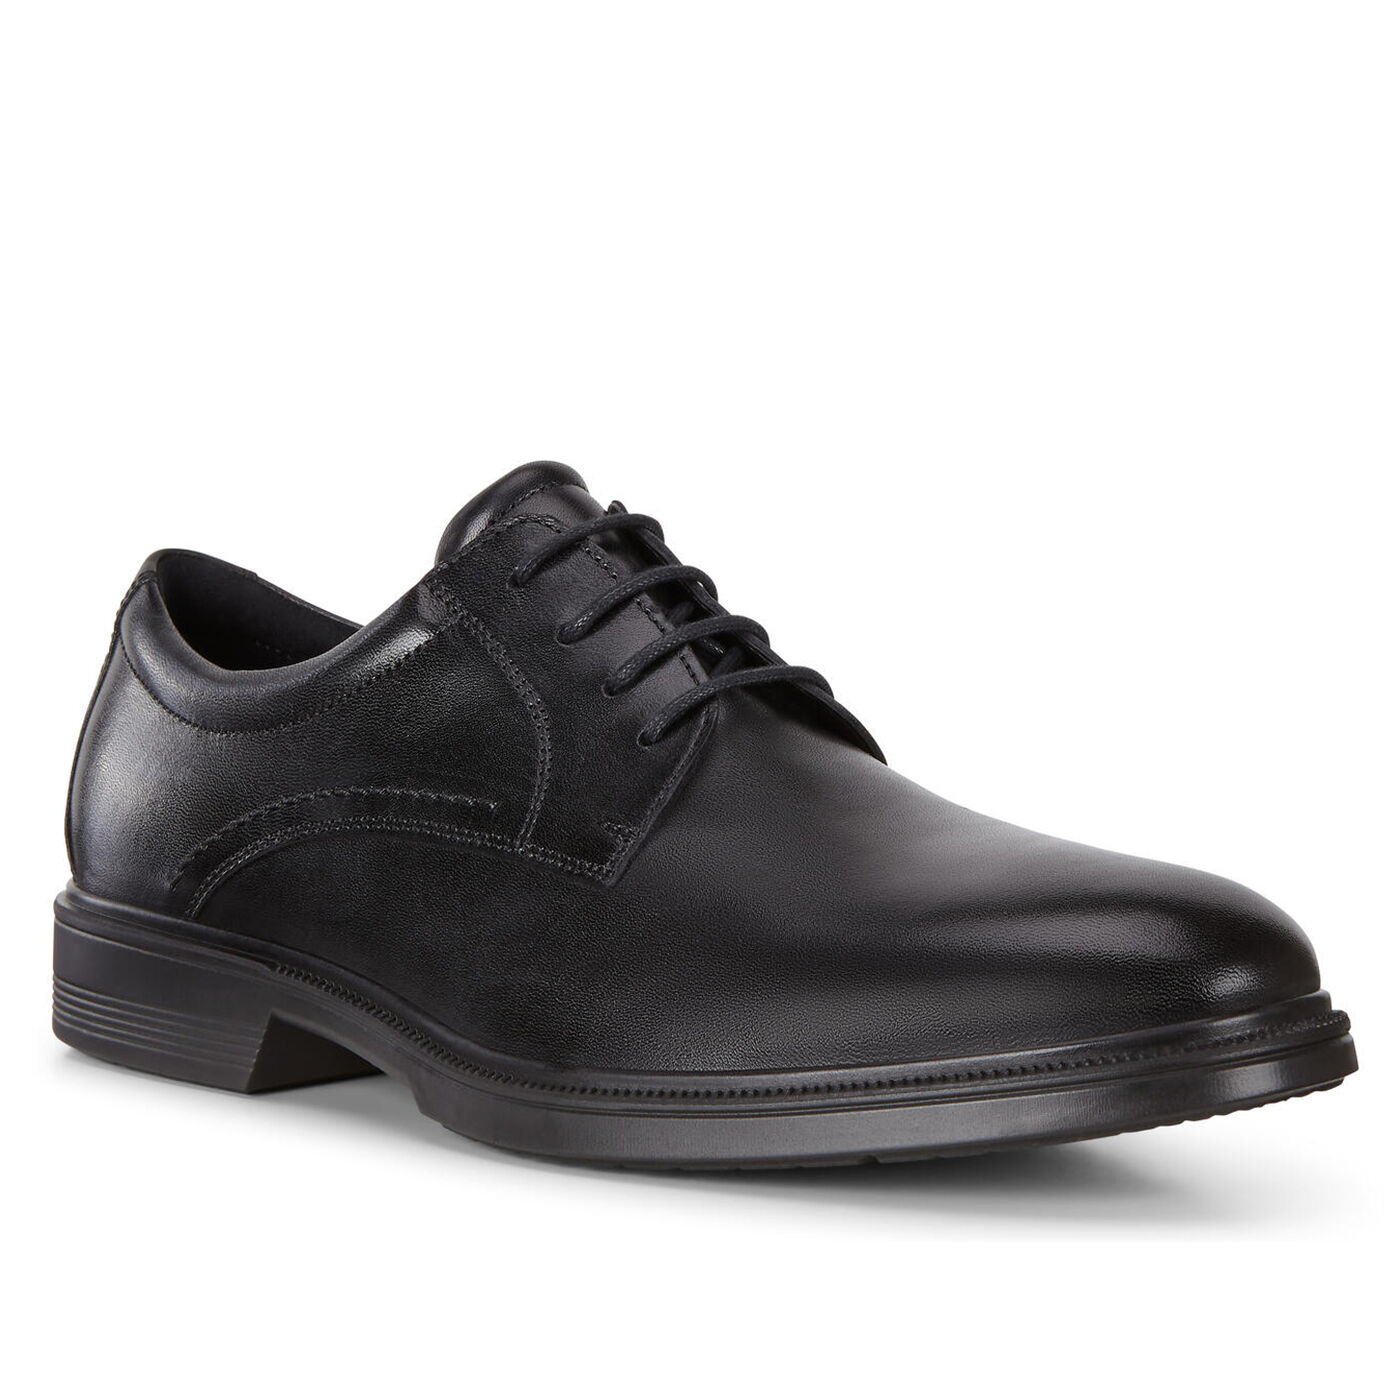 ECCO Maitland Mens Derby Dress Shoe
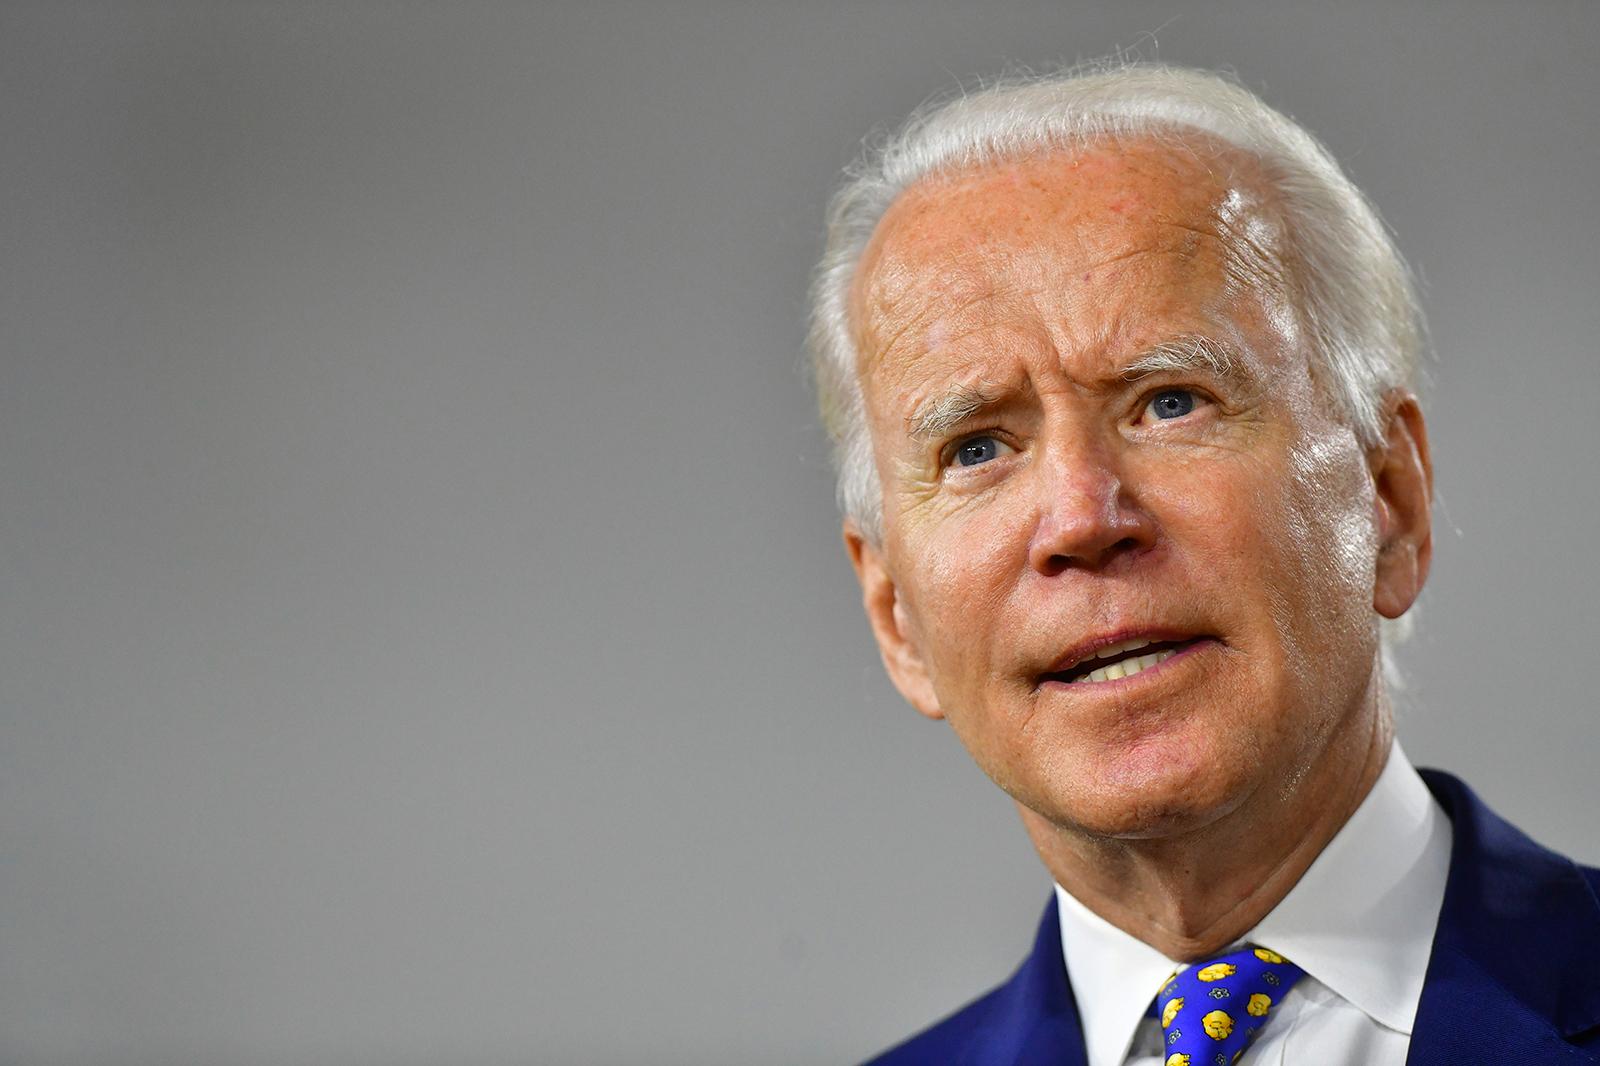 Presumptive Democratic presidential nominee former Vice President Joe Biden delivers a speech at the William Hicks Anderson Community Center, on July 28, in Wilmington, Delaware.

┄┄┄┄┄┄┄┄┄┄┄┄┄┄┄┄┄┄┄┄

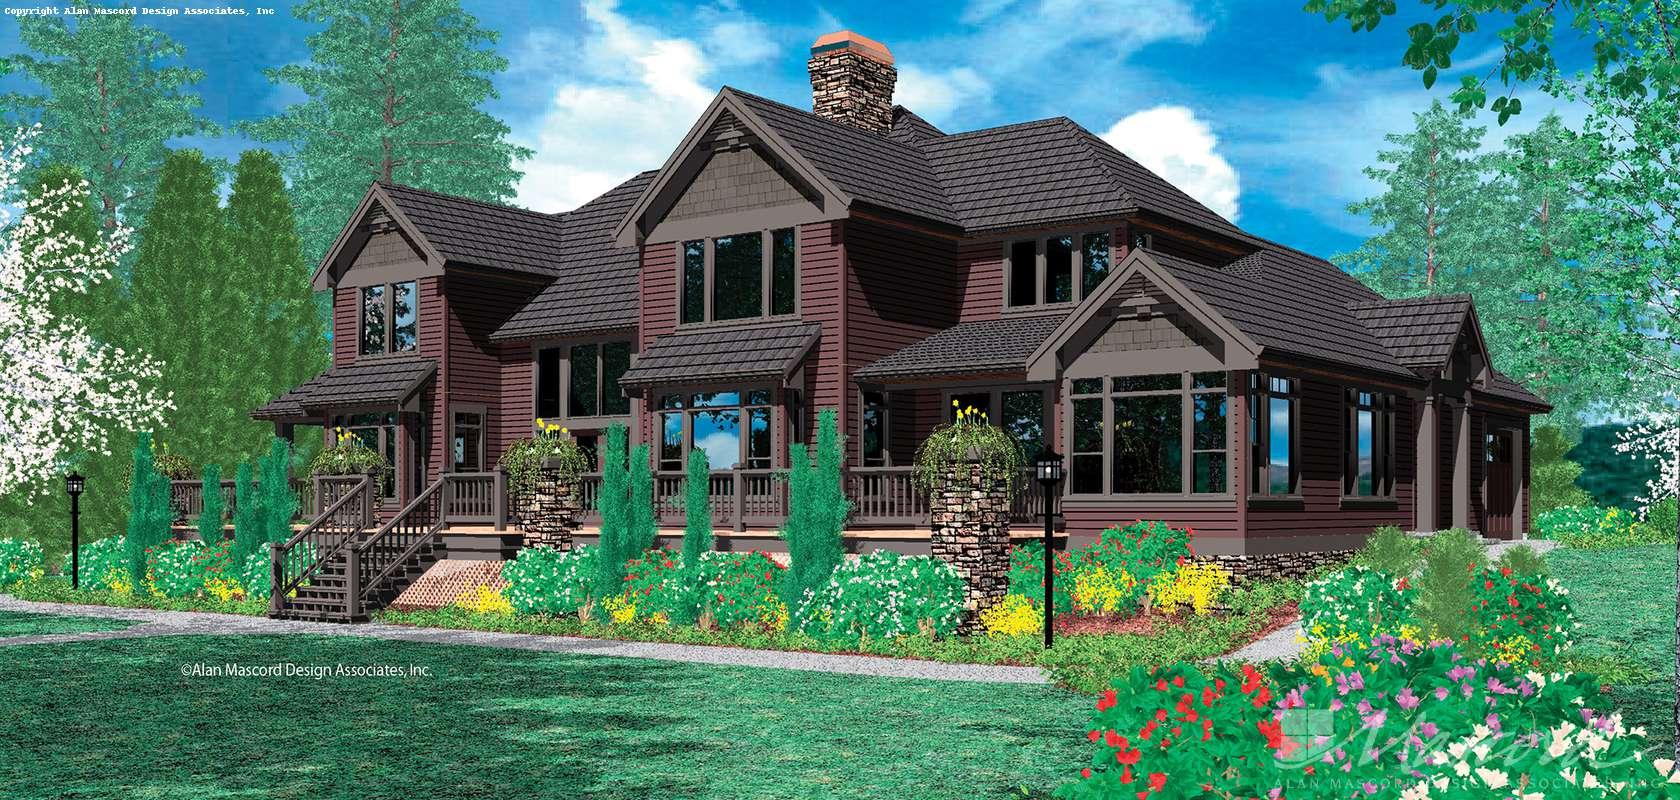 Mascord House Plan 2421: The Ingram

┄┄┄┄┄┄┄┄┄┄┄┄┄┄┄┄┄┄┄┄

> PROBLEM REQUIREMENTS: Within the listing above, the lines starting at the one containing "ECCO Maitland Mens Derby Dress Shoe" and ending at the one containing "Presumptive Democratic presidential" are to be returned exactly. Omit the pictures.

> SOLVED PROBLEM:
 ECCO Maitland Mens Derby Dress Shoe
 Presumptive Democratic presidential nominee former Vice President Joe Biden delivers a speech at the William Hicks Anderson Community Center, on July 28, in Wilmington, Delaware.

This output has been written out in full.